There are large deposits of iron ore and other commodities in Africa and even within Asia there are mining operations that have yet to reach their full potential. So is it wise for Australia to be so complacent and believe that we are somehow the undisputed mining champions of the world?

It may appear inconceivable to many that Australia’s strong mining sector could be challenged in the future and even face a period of decline. But 20 years ago how many Americans thought that their car industry would end up on it’s knees? Didn’t they once think that their auto workers were the most productive in the world and that the United States would continue to dominate the car market across the world….or at least domestically!

Of course I could be very wrong; the Japanese and Chinese may forgive Australian miners for charging over the top prices during the boom, things could all get back to normal and demand and prices for Australian commodities surge back up again. But what if I am right?

Where is Australia’s Plan B and I wonder if the Treasury modelled any scenarios where commodities exports remained weak for many years and if so, what impact will this have in terms of future Federal Budgets and in reducing Australia’s debt? Do we as a nation have any plans to deal with a world where our miners may no longer be in such a dominant position?

Related posts:

  1. Australian stocks, house prices & the economy in September 2010
  2. Stockwatch: BHP Billition Limited (BHP)
  3. A slow global recovery, the Australian economy & the stock market.
  4. Tough times ahead for Australian economy & businesses.
  5. Is the BHP Billiton share price telling us something?


5 responses so far ↓

  • 1 Scott // Jun 12, 2009 at 1:07 pm

    Great article Greg. This is something that is not often talked about but the potential negative impact would be enormous. I too wonder what goes on within the treasury in terms of analysing our potential medium to long term economic situation.

  • 2 Greg Atkinson // Jun 12, 2009 at 4:42 pm

    Hi Scott. thanks for the feedback. I worry about the sort of forecasts, planning etc. churned out by the Treasury as I would imagine “Group Think” would be the order of the day. I cannot imagine you would have much of a career there if you challenged the consensus view of where the economy was going, or where the Government said the economy was going!

  • 3 Pete // Jun 15, 2009 at 10:06 pm

    Where is Australia’s Plan B and I wonder if the Treasury modelled any scenarios where commodities exports remained weak for many years and if so, what impact will this have in terms of future Federal Budgets and in reducing Australia’s debt?

    There is no Plan B…

    Although I expect that if we get to that stage, the Gov. will have to start funding itself (printing money).
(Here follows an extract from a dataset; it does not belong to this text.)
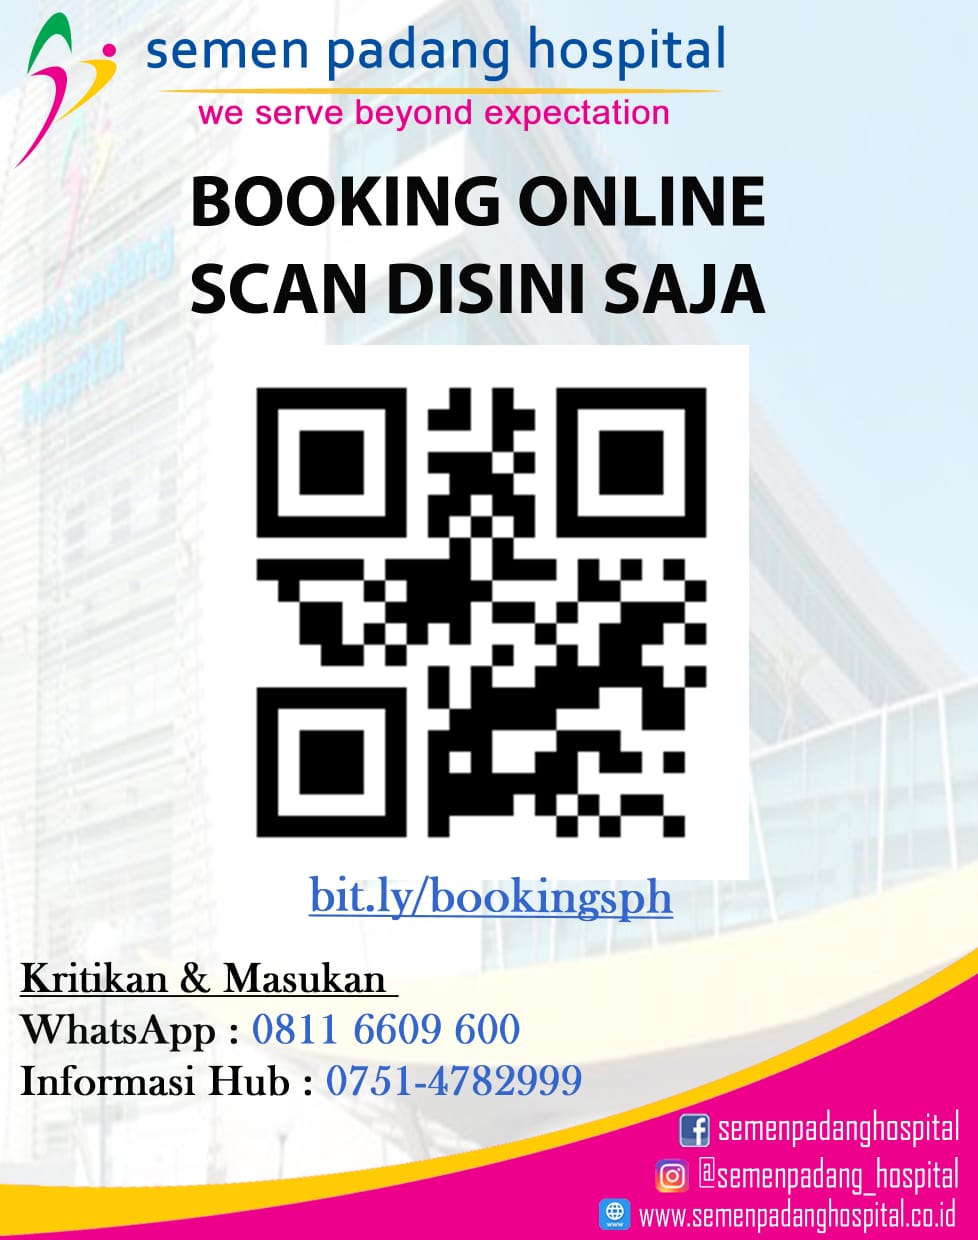 Booking online SPH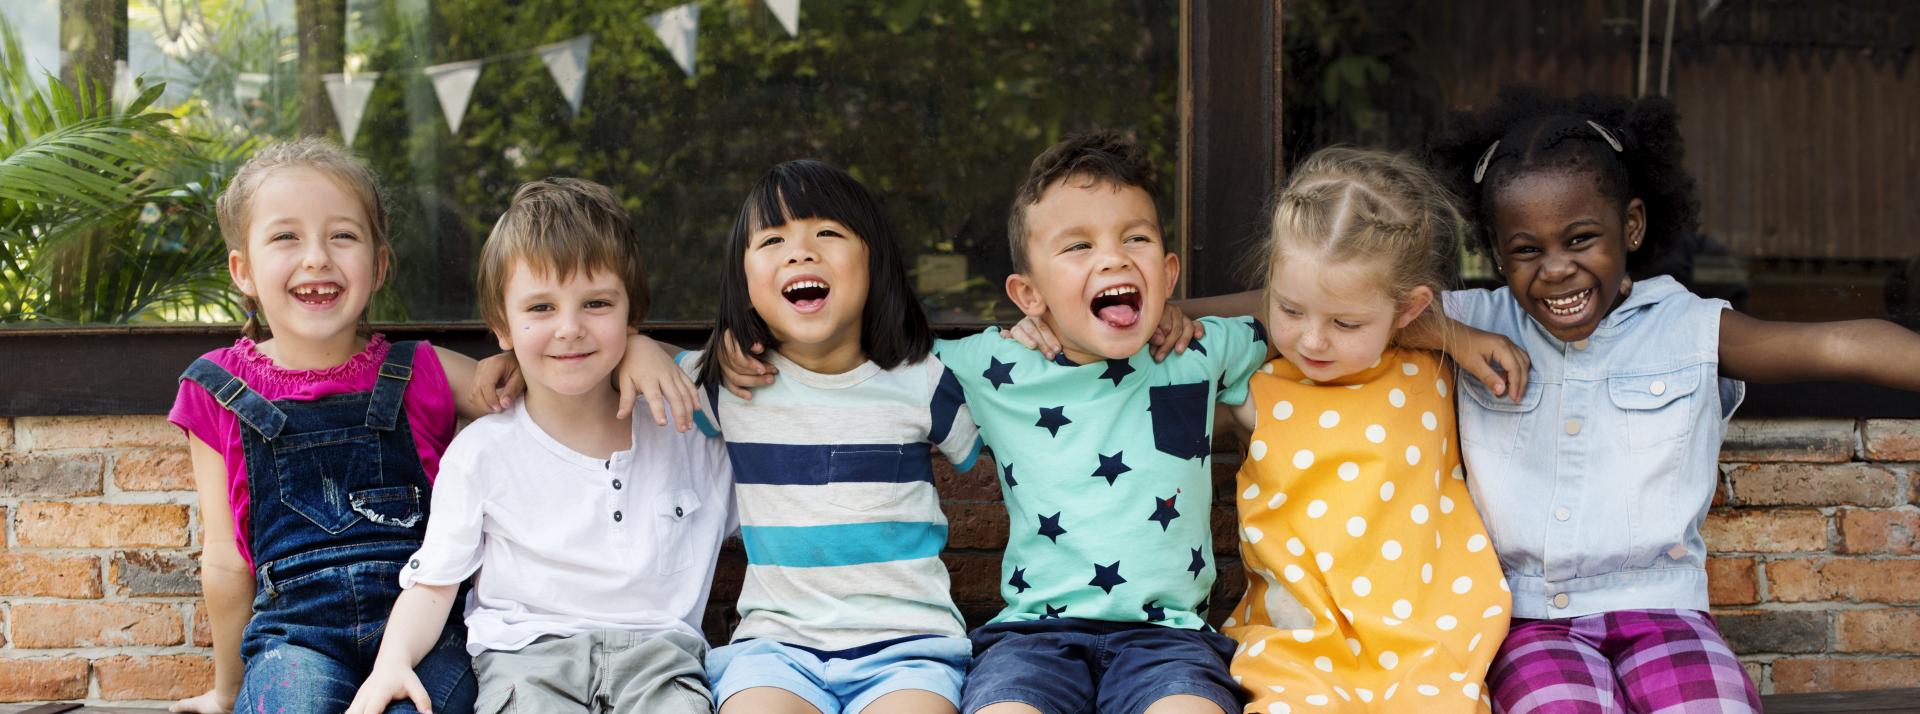 A group photo of six children laughing outside.

I guess we’ll see

  • 4 Greg Atkinson // Aug 23, 2009 at 9:15 am

    What I don’t quite get is that Rio, BHP etc are cautious about the outlook for commodities and yet the RBA/Treasury are expecting Australian to bounce back from 2010. It seems the Government is counting a lot on demand from China holding up but maybe the miners can already see weakness in demand?

  • 5 Greg Atkinson // Oct 29, 2009 at 12:24 pm

    Interesting article in The Australian today: China may seek thermal coal elsewhere if Australian export costs rise, says report

    As I have been saying for a long time, Australia is not the only nation that digs stuff up.